Provided data >>
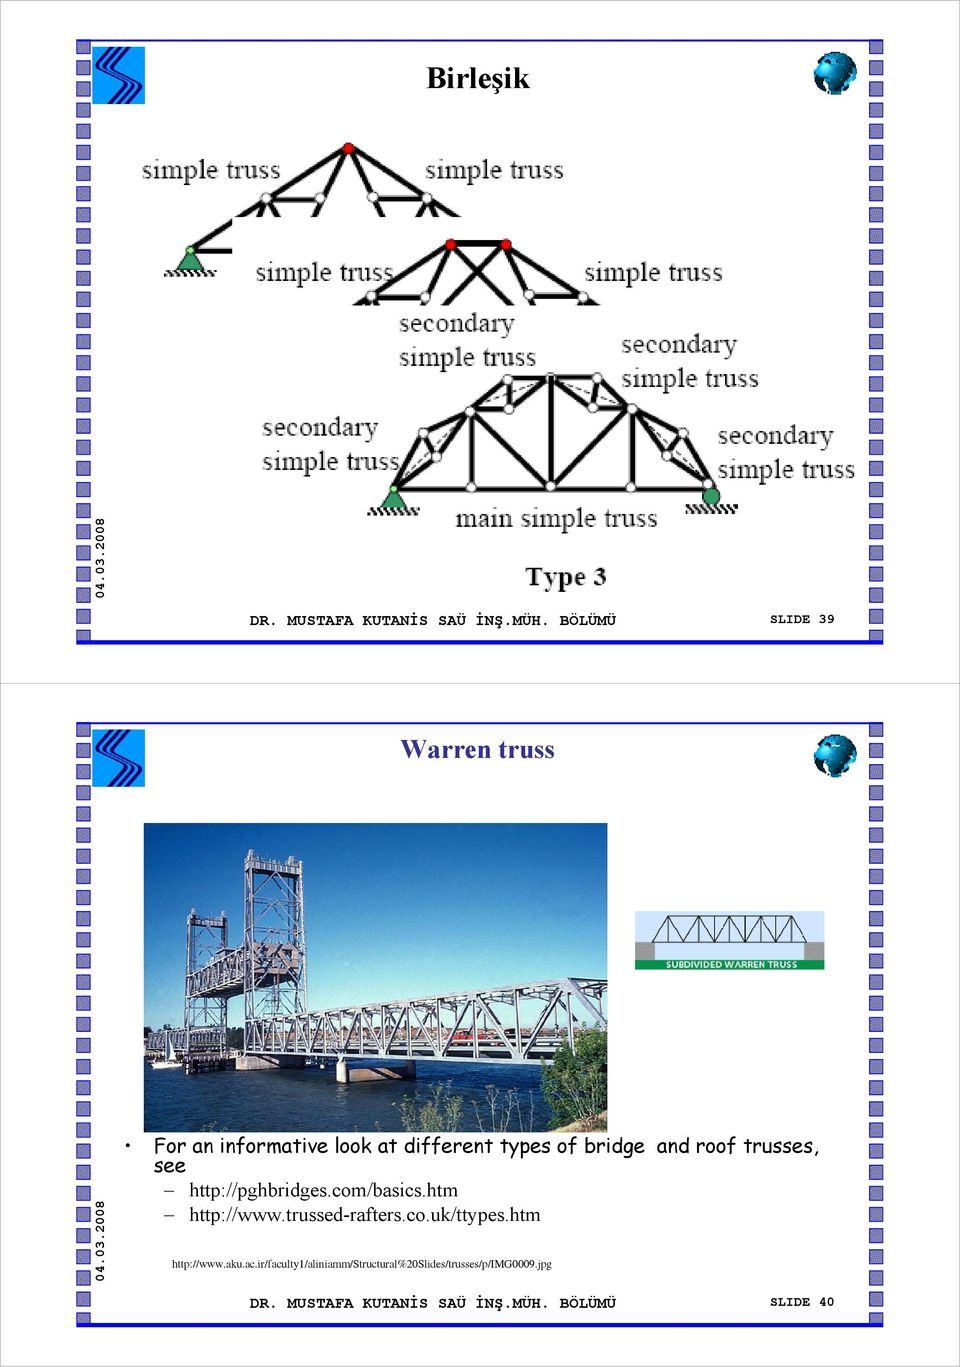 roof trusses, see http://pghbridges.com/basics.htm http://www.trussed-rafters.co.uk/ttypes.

* * *

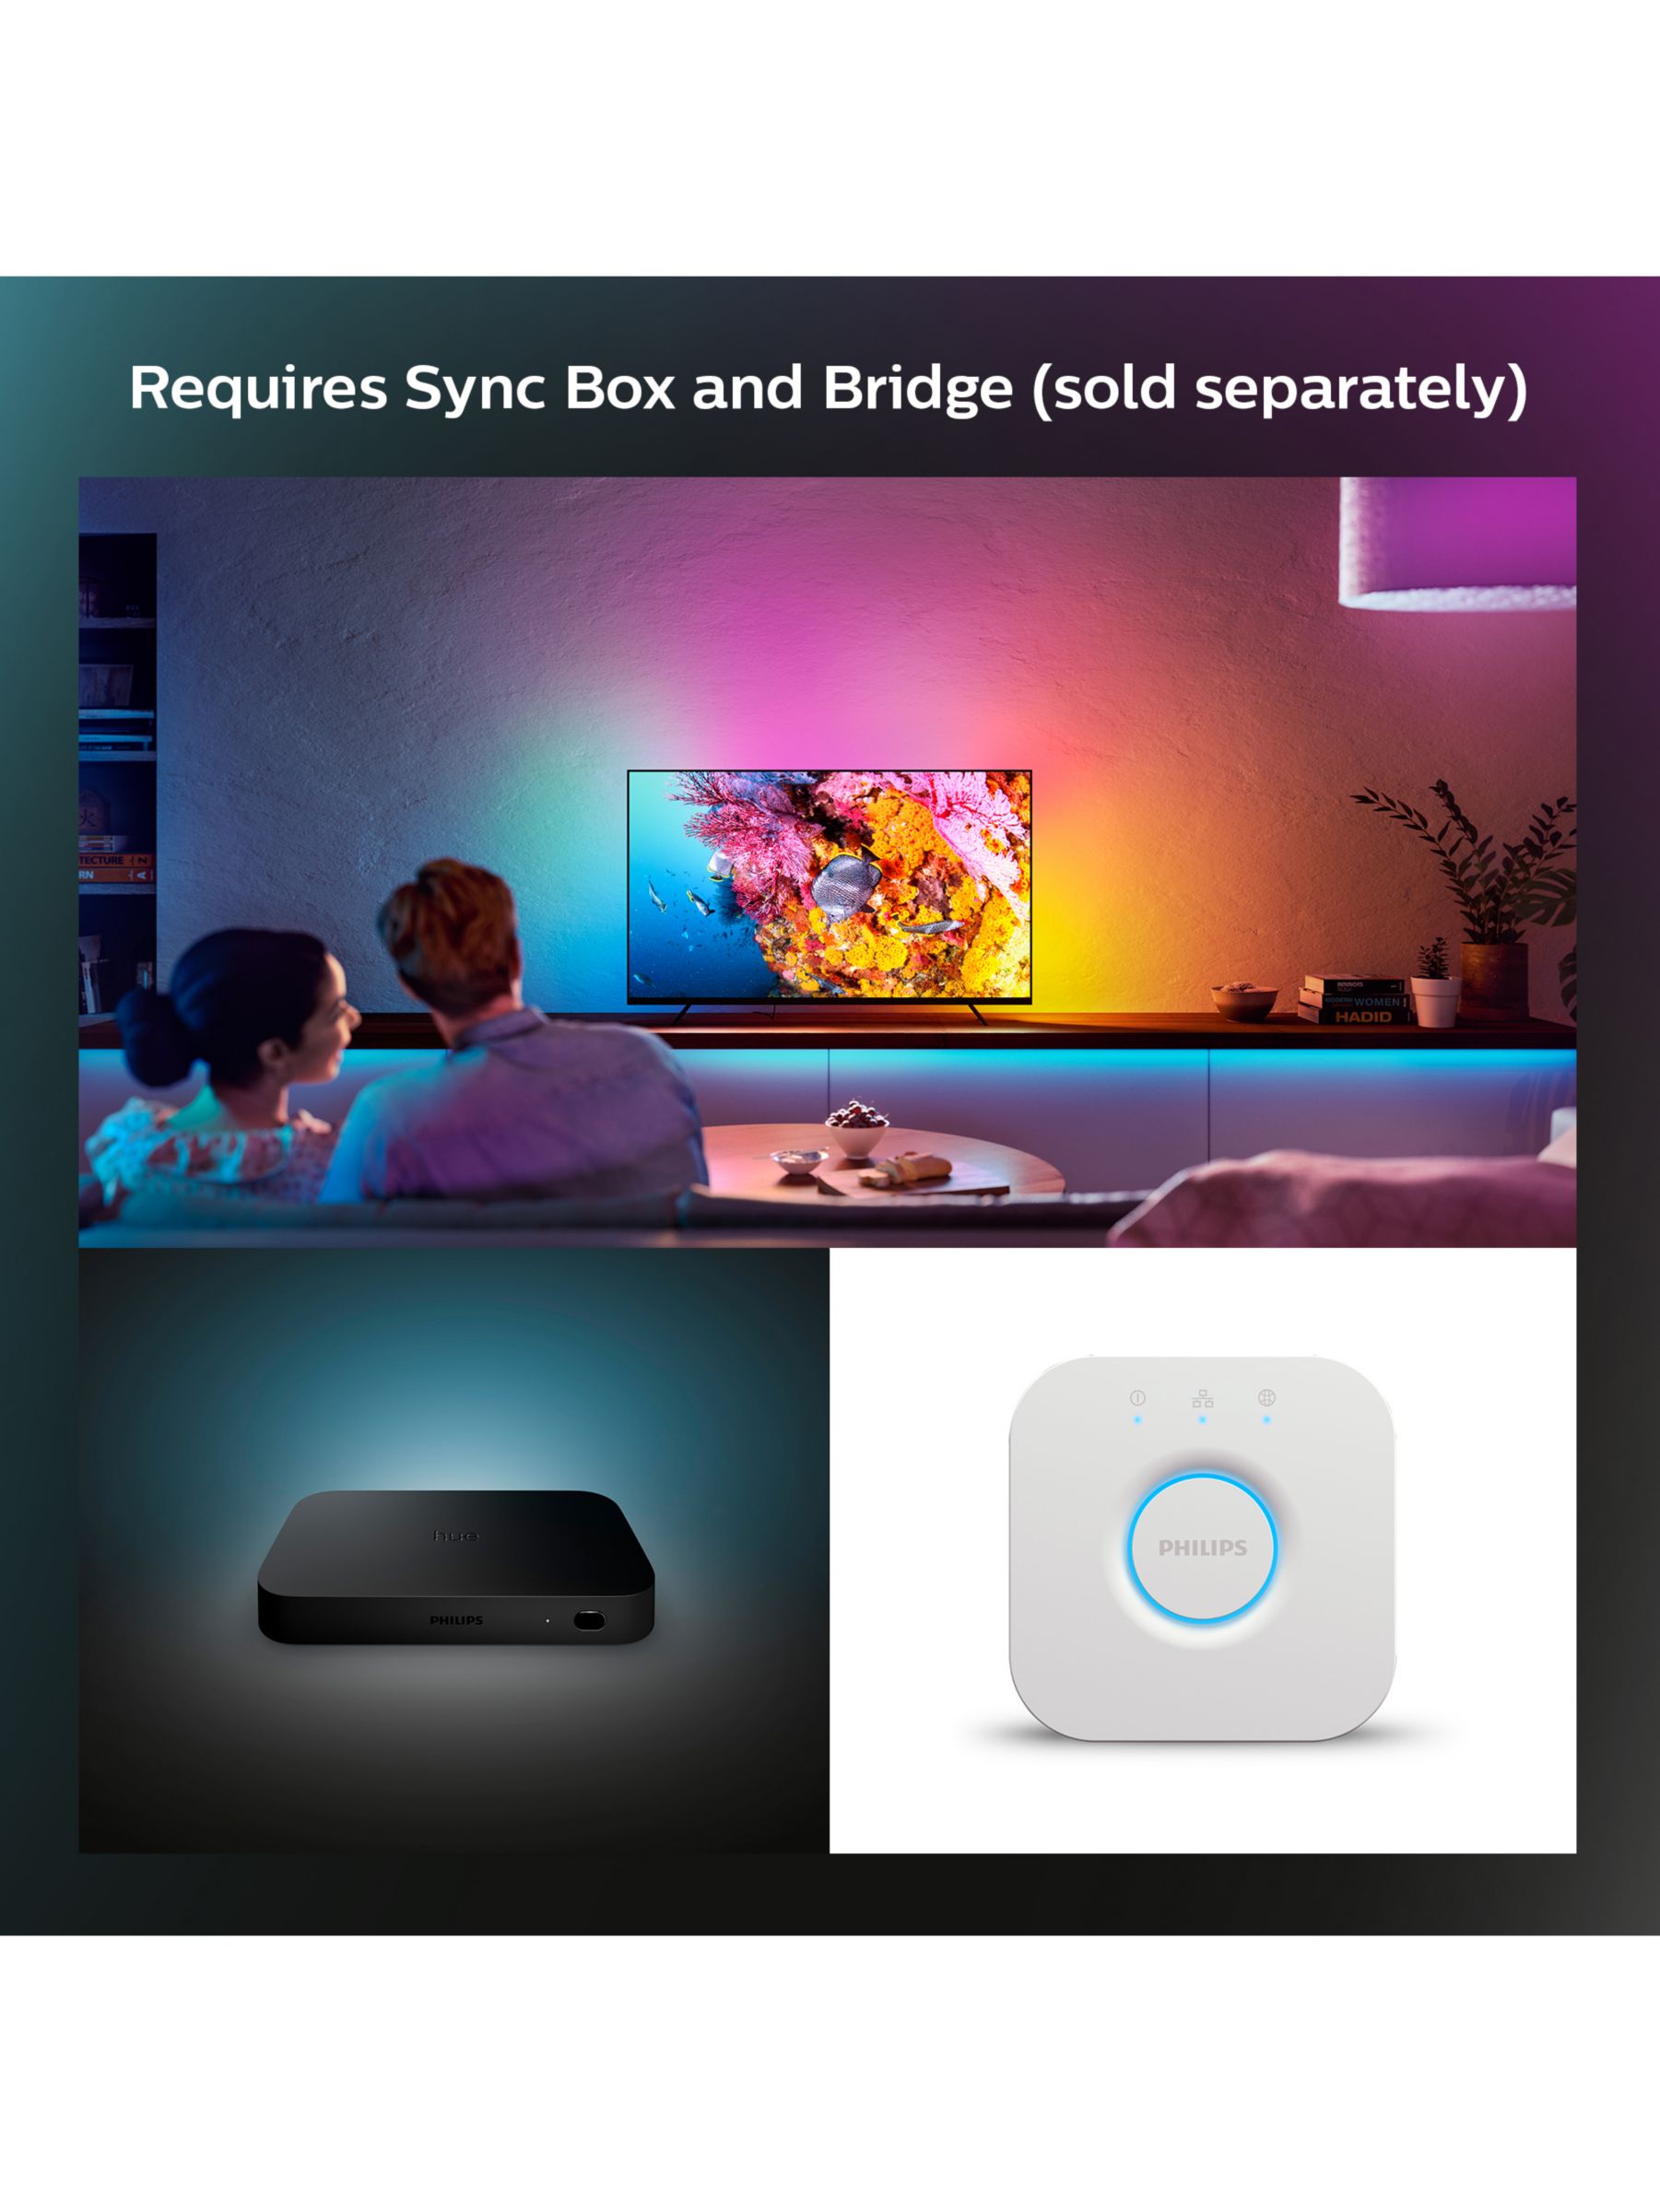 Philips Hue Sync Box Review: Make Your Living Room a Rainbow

==

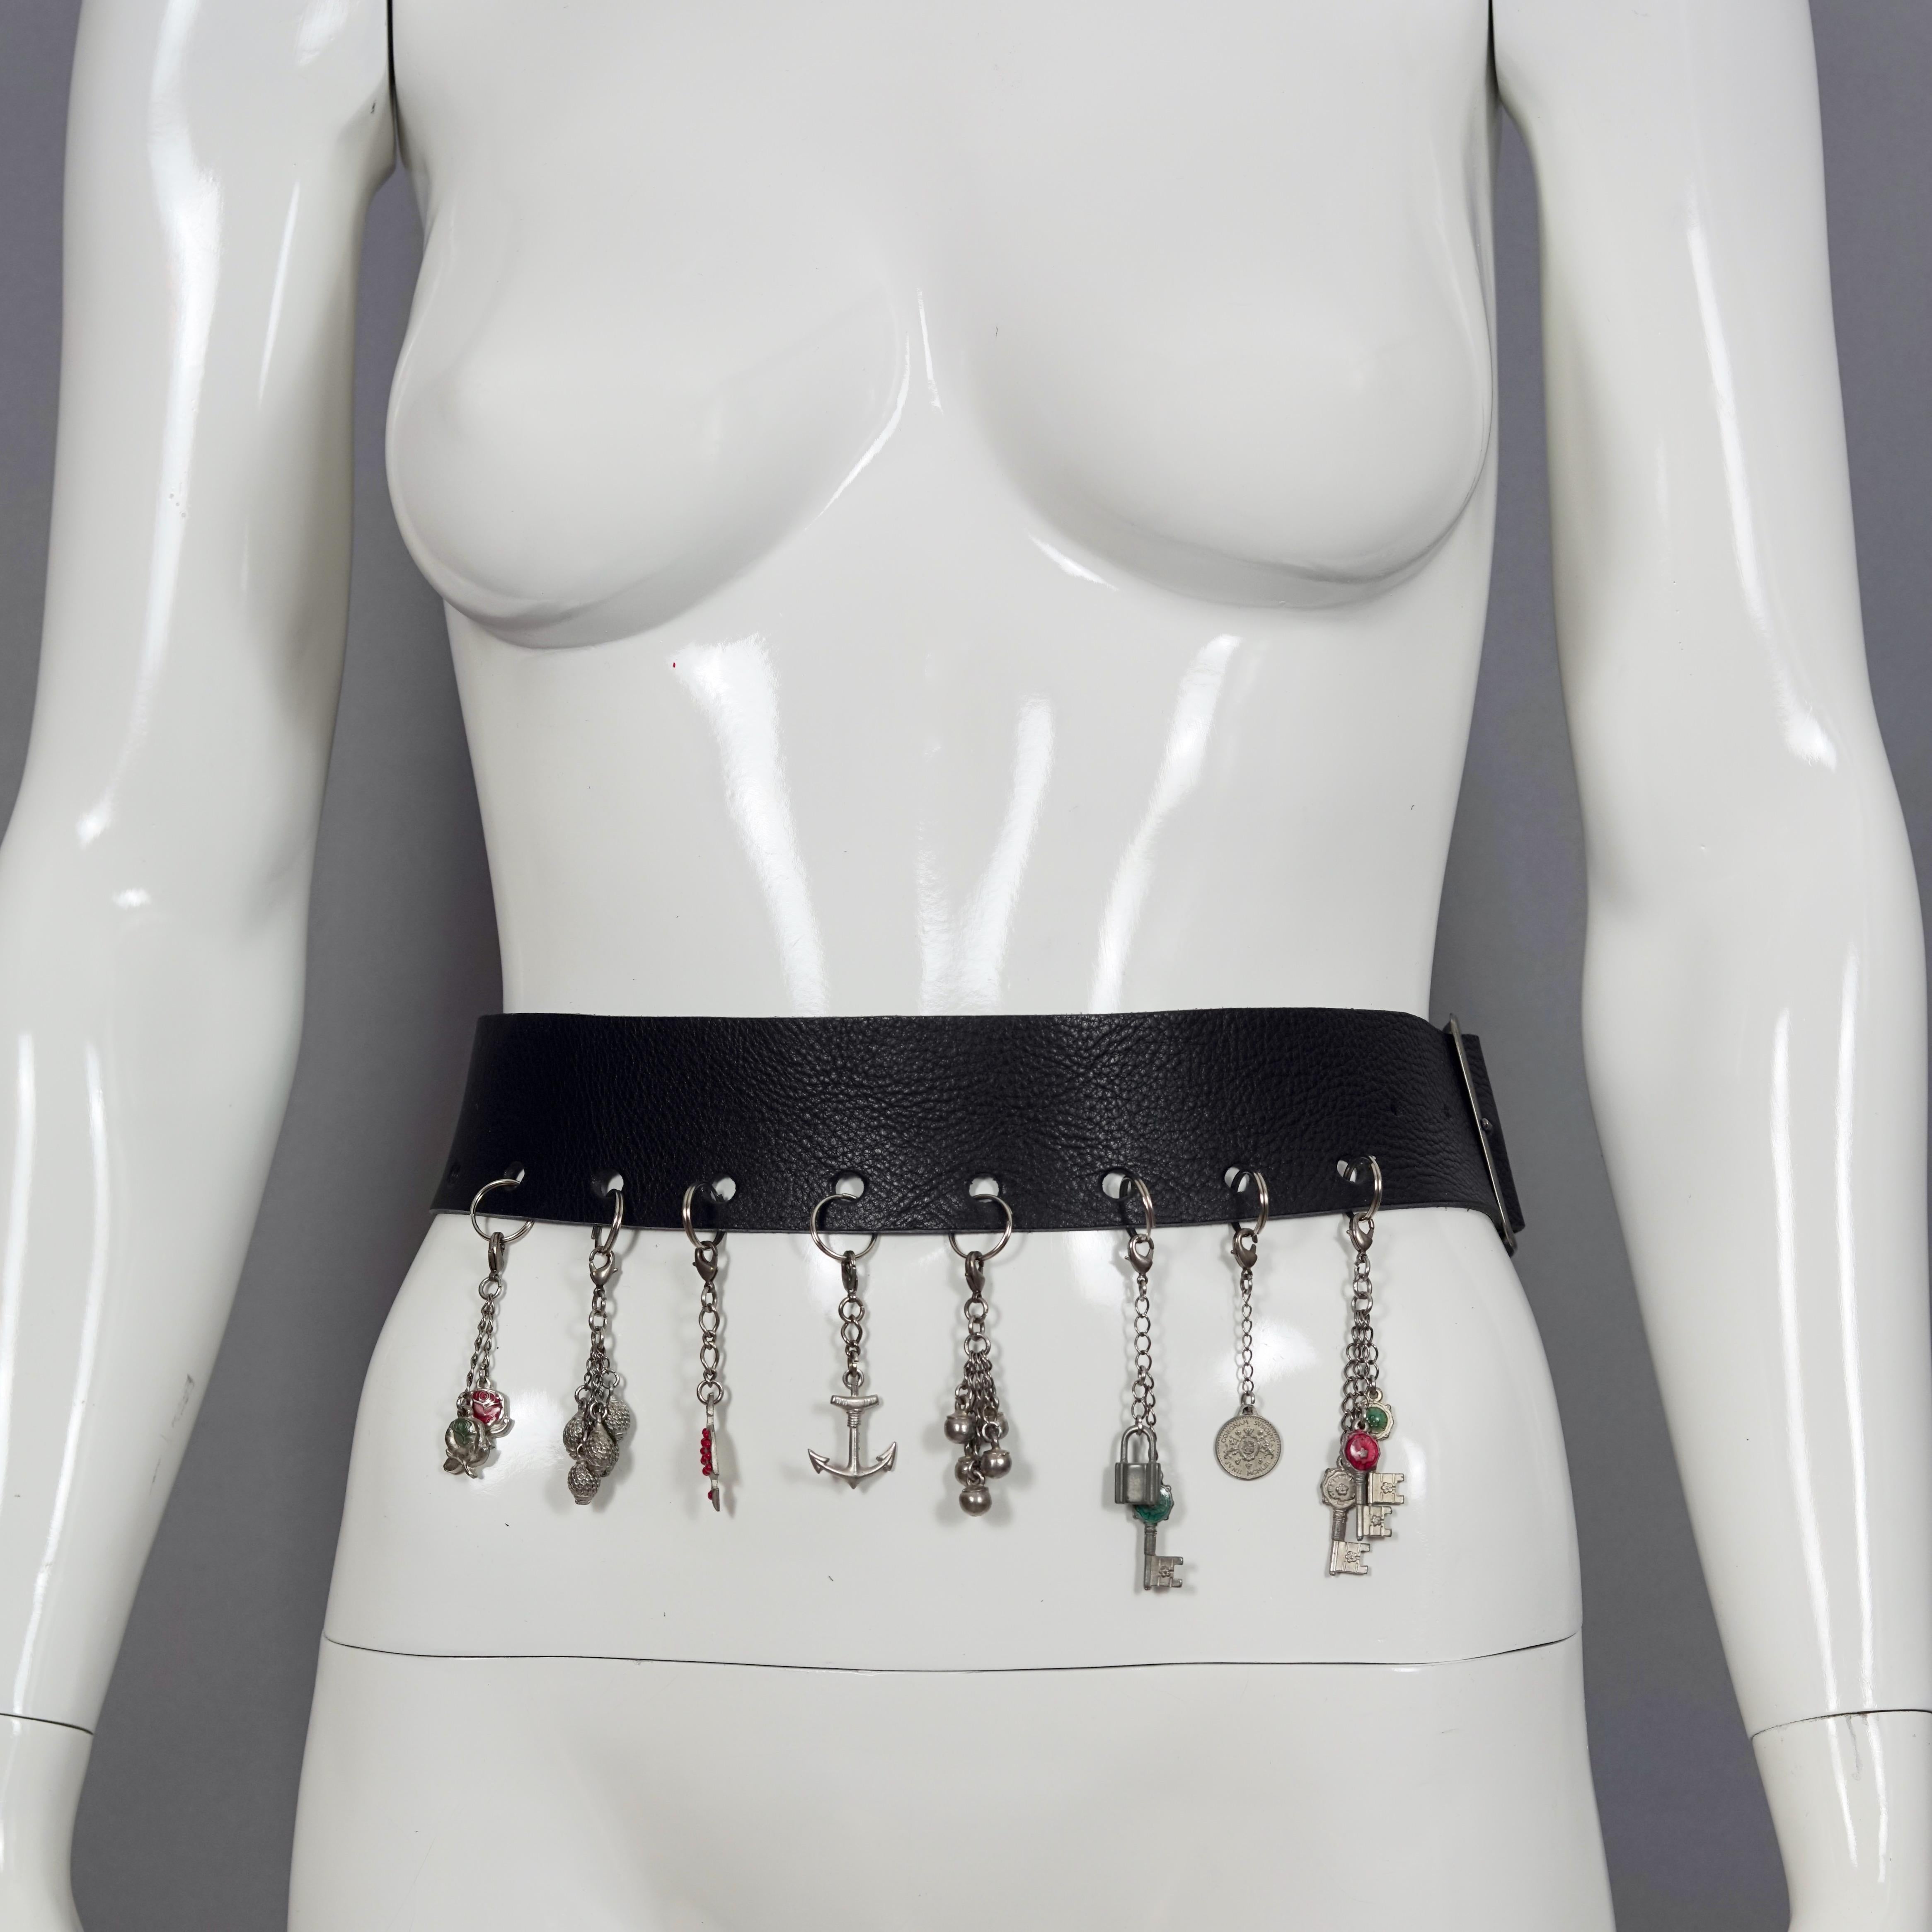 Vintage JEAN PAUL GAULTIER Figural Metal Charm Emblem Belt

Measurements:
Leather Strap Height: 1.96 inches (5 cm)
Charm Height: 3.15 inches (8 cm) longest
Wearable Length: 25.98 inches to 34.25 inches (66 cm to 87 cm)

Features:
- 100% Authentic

How to complete this task >> Within the entries above, work out how many lines contain the word "Height". The number alone is the answer.

Answer to this problem >> 2